ABOUT THIS TASK :: I would like the lines below, from the one with "side by side" through the one with "How To Put Out a Fire in a Fireplace", copied exactly and without any pictures.

DATA EXTRACTS ::
=== Section Start ===

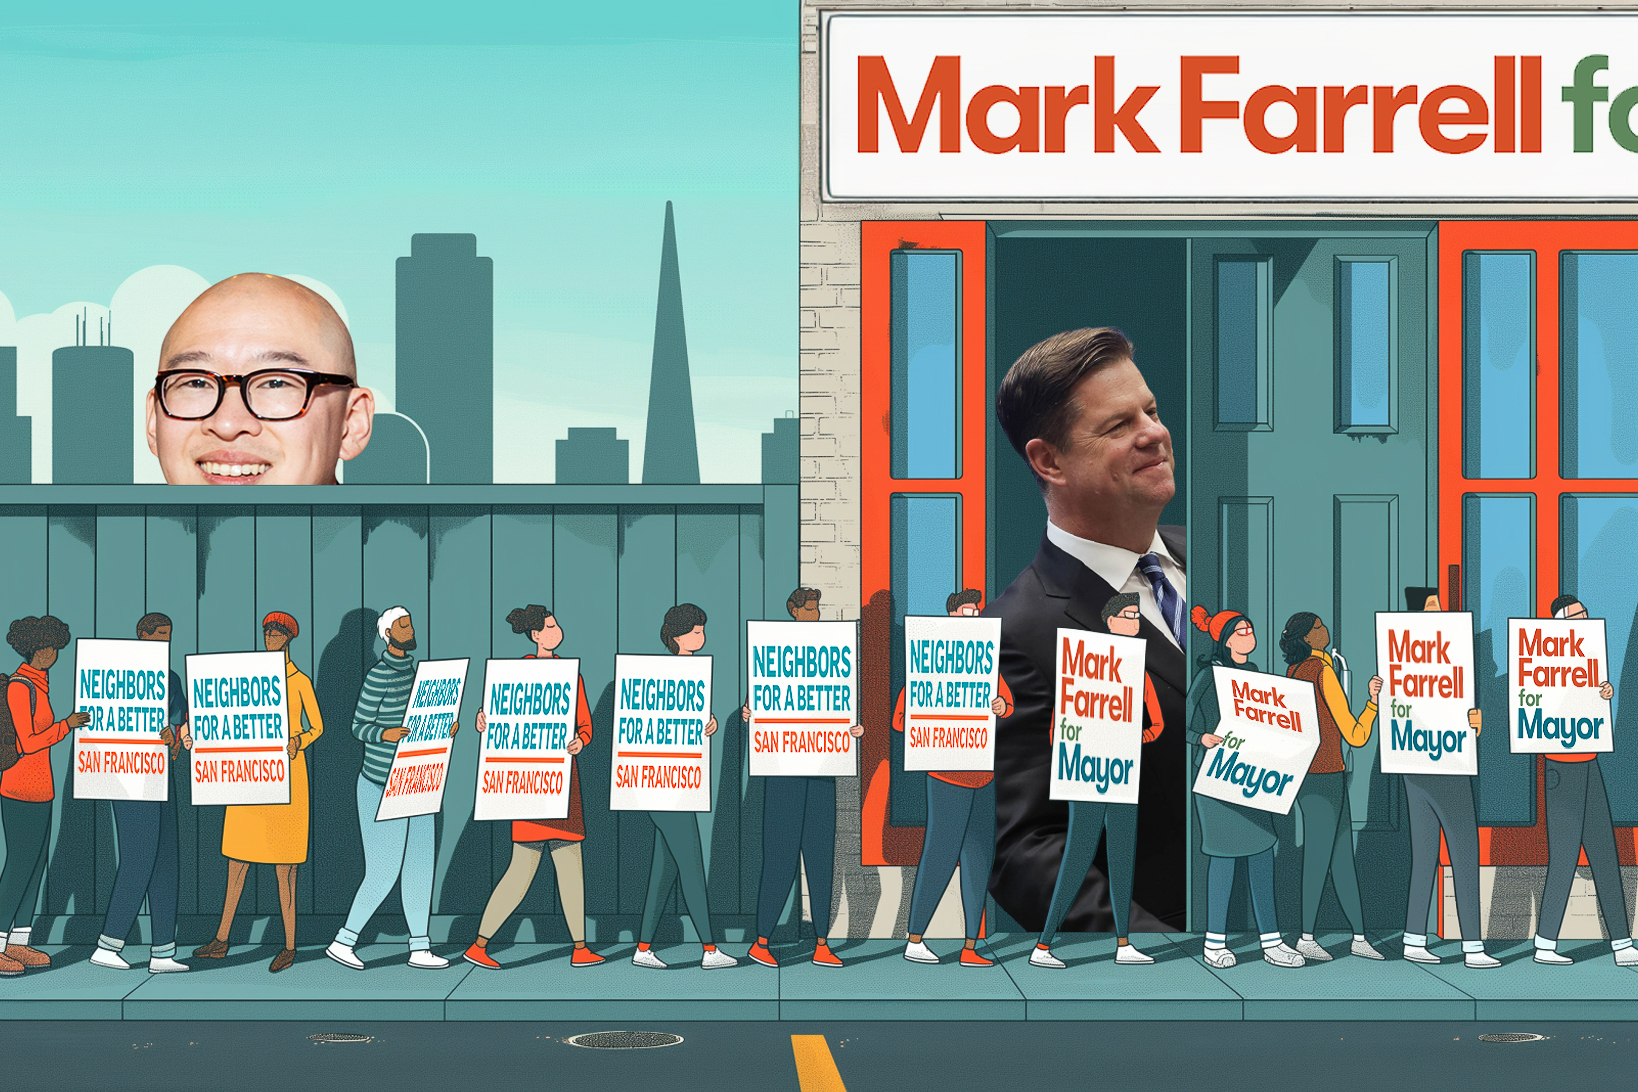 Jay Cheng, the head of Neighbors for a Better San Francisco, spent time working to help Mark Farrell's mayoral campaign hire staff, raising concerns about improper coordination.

=== Section End ===
=== Section Start ===

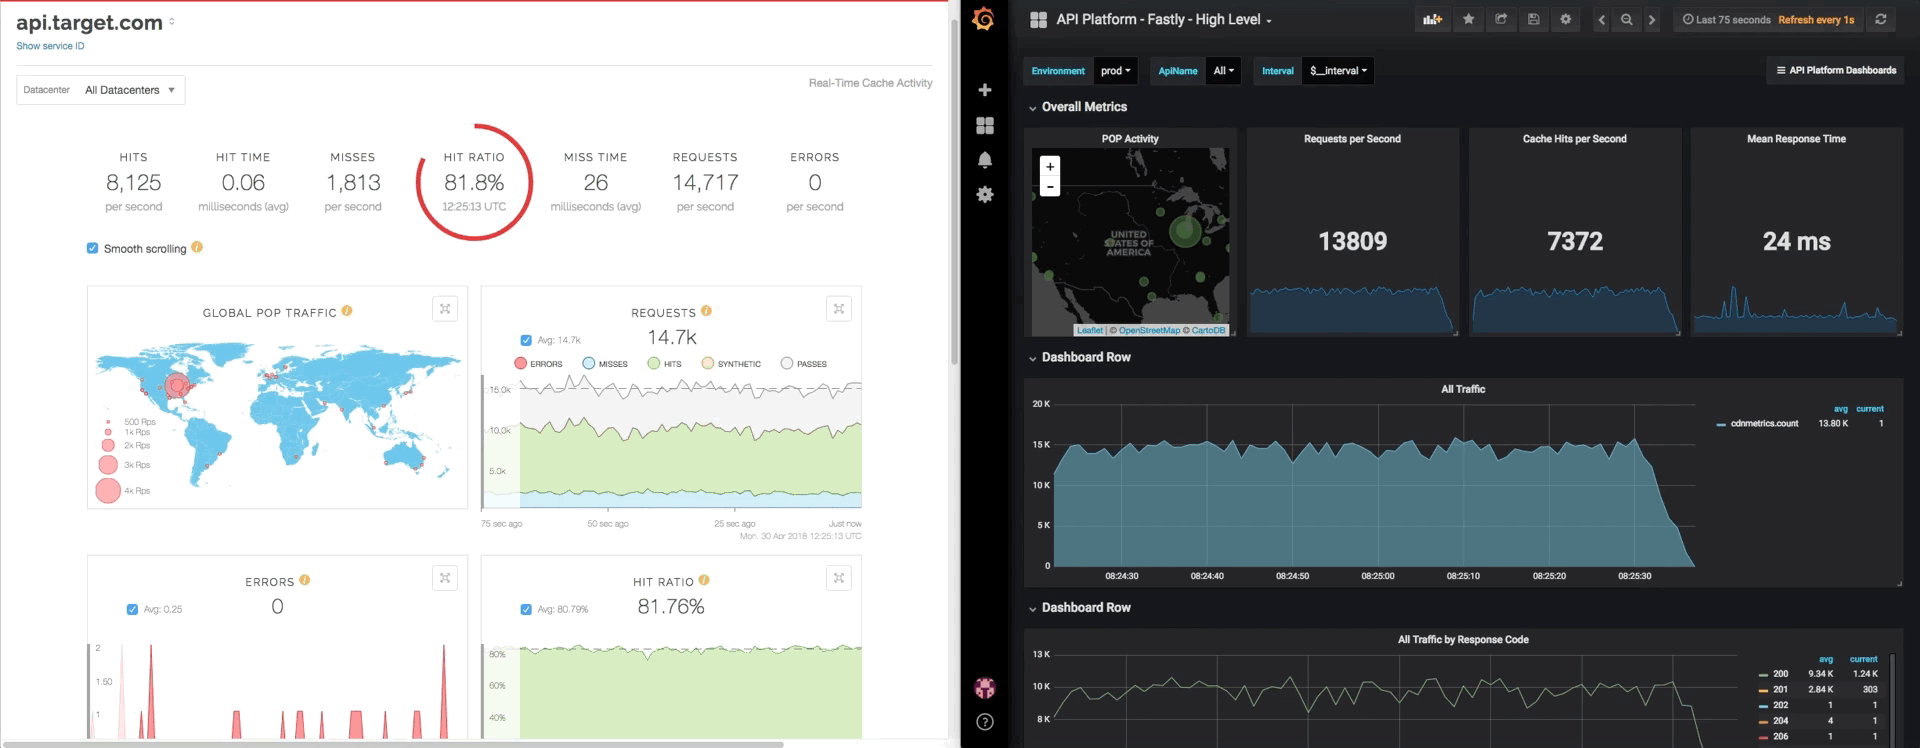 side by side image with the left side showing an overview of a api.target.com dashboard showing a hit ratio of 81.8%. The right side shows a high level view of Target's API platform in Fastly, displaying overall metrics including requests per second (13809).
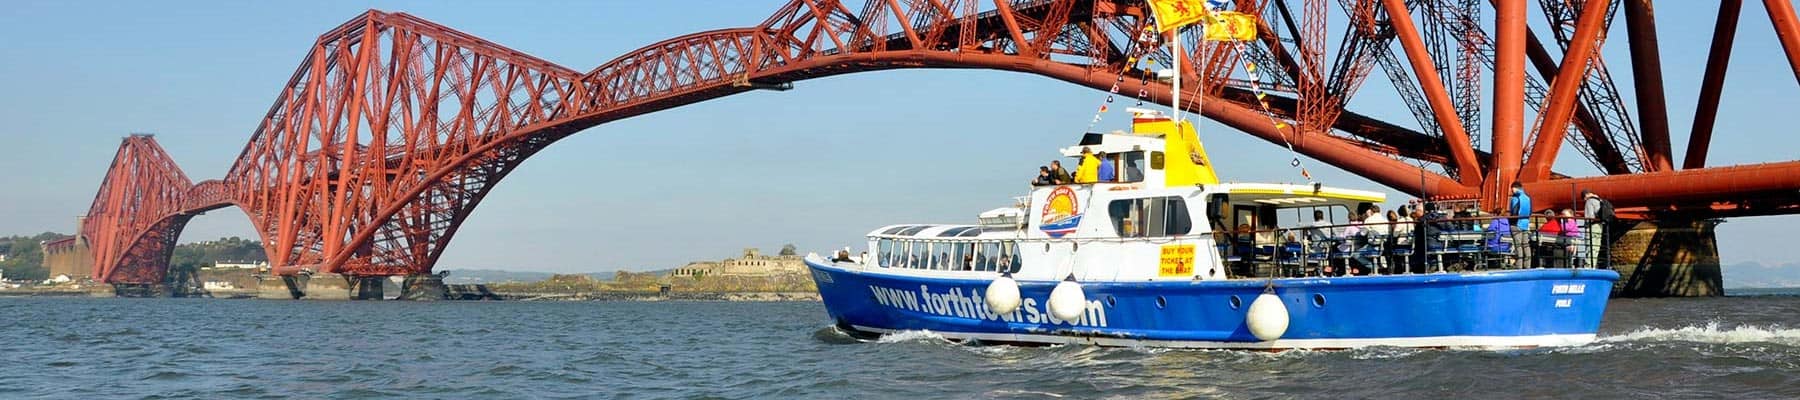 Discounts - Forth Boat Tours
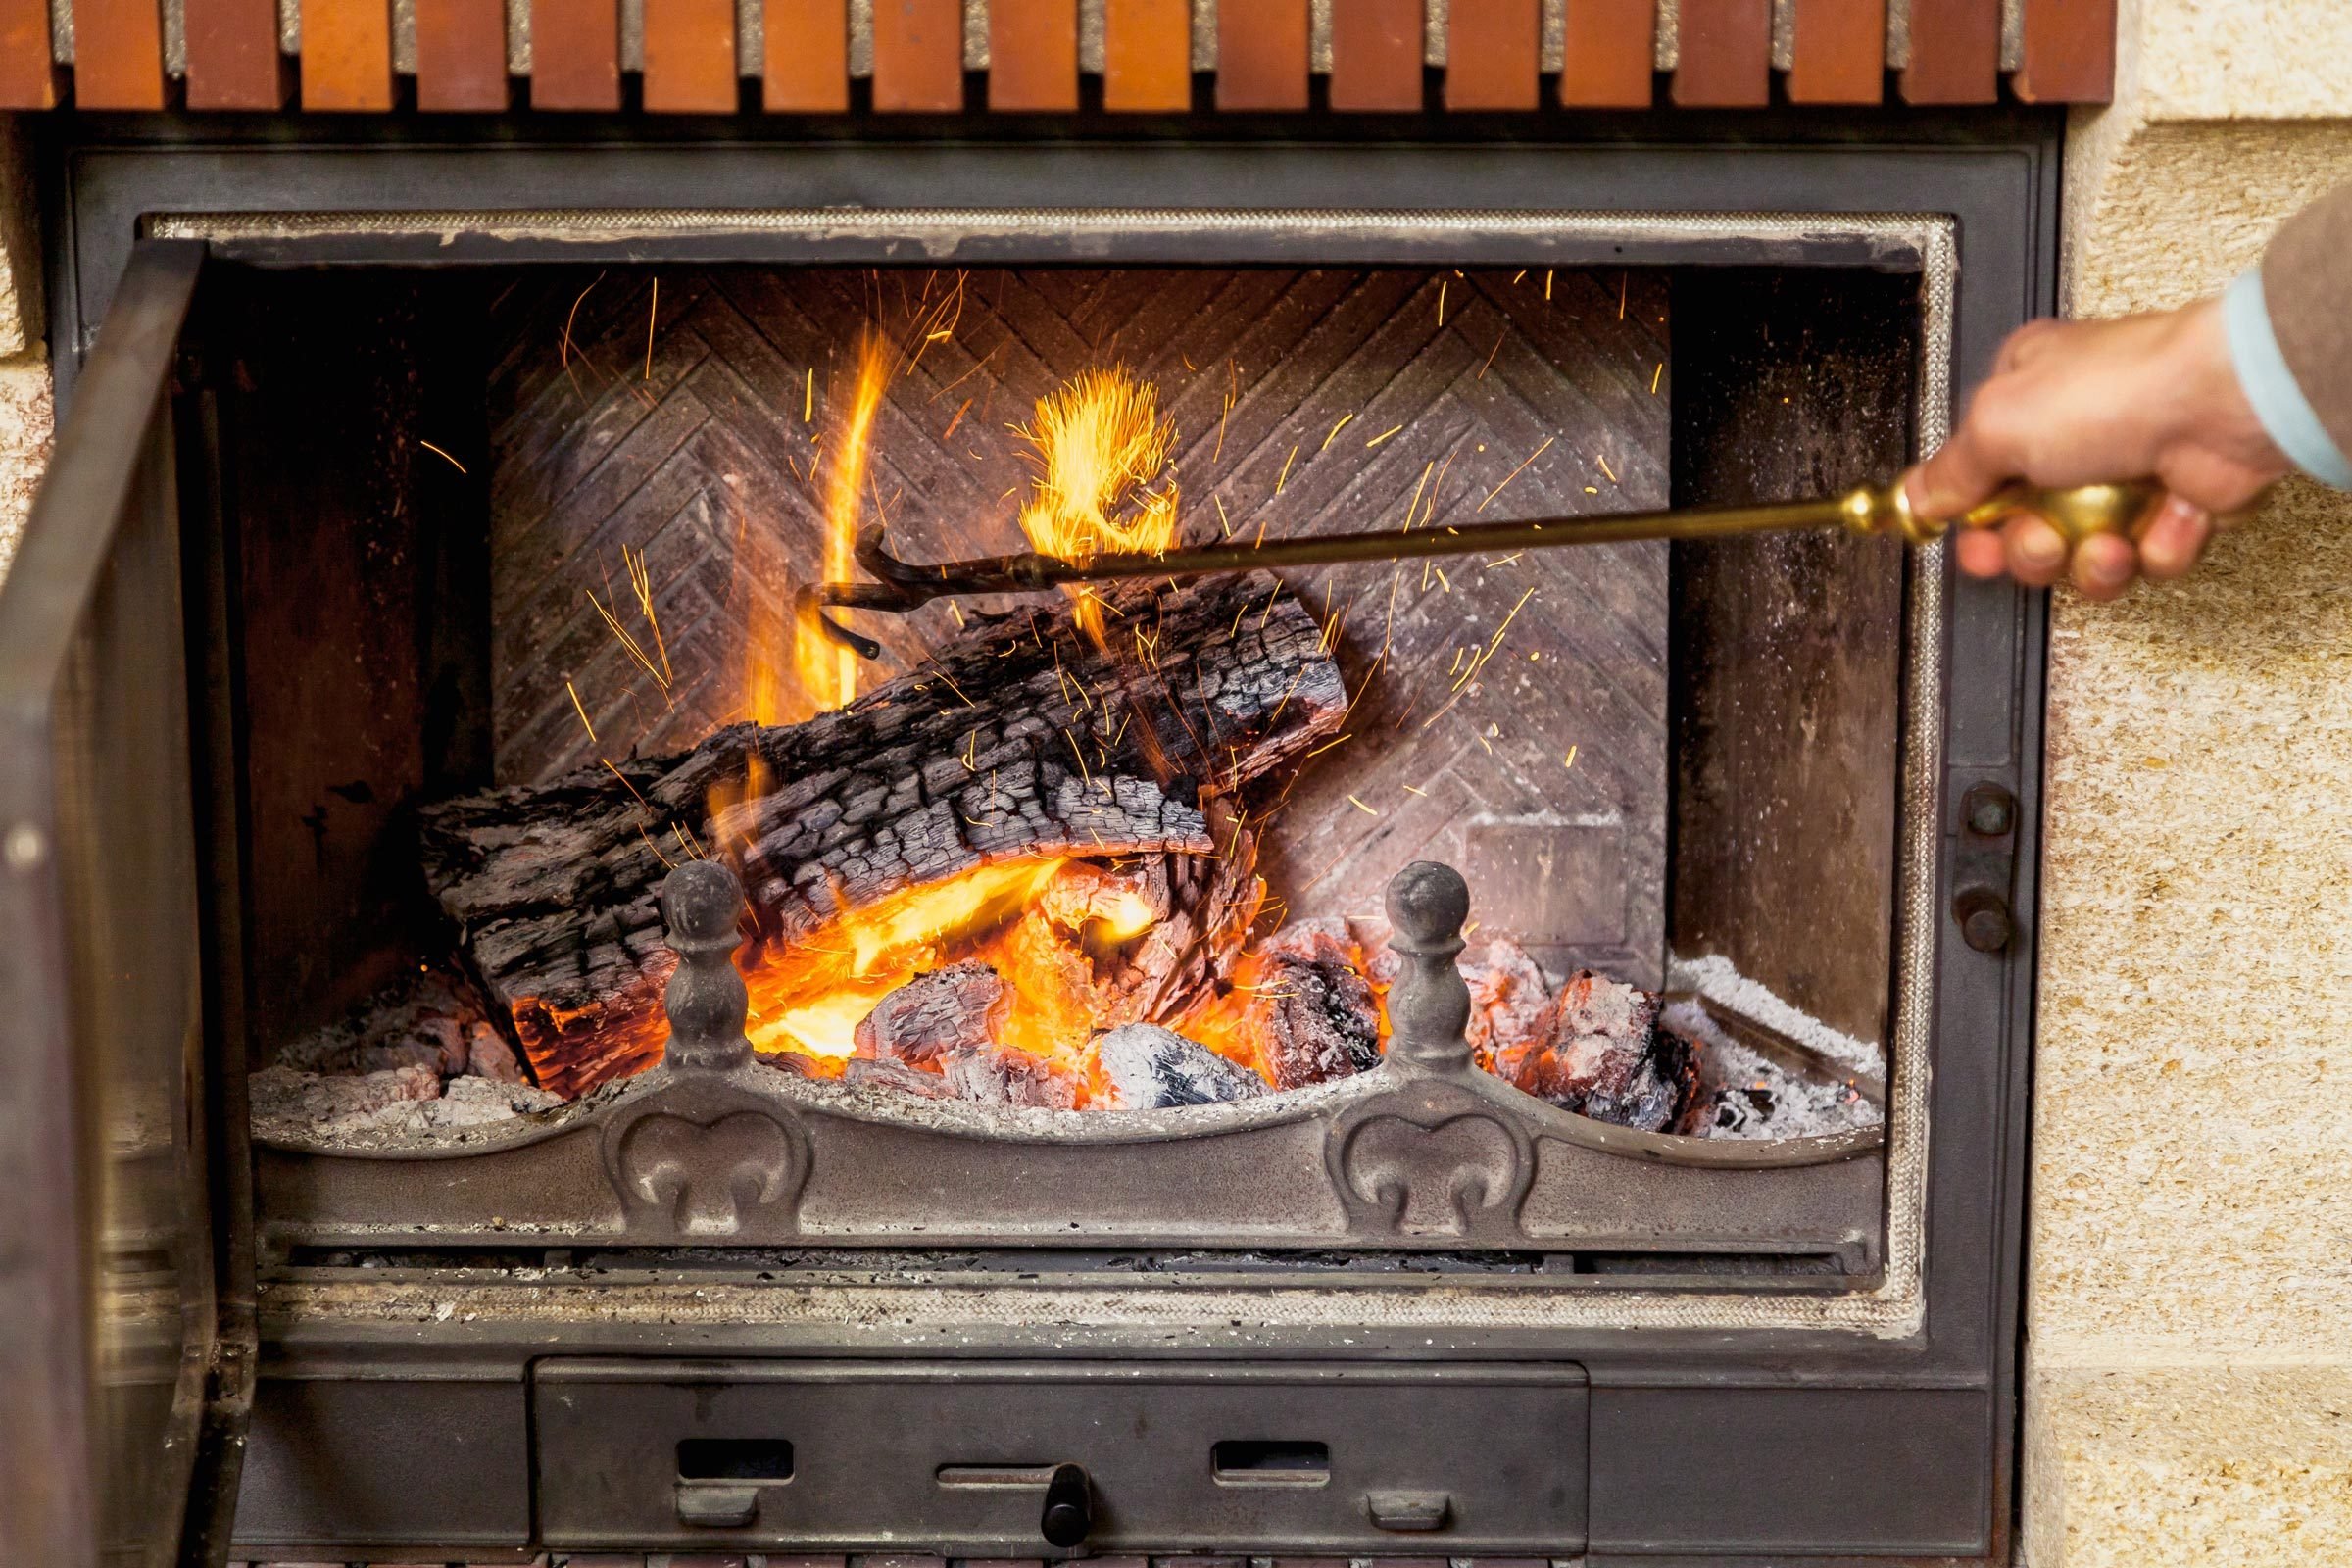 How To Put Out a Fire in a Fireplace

=== Section End ===

EXERCISE OUTPUT ::
 side by side image with the left side showing an overview of a api.target.com dashboard showing a hit ratio of 81.8%. The right side shows a high level view of Target's API platform in Fastly, displaying overall metrics including requests per second (13809).
 Discounts - Forth Boat Tours
 How To Put Out a Fire in a Fireplace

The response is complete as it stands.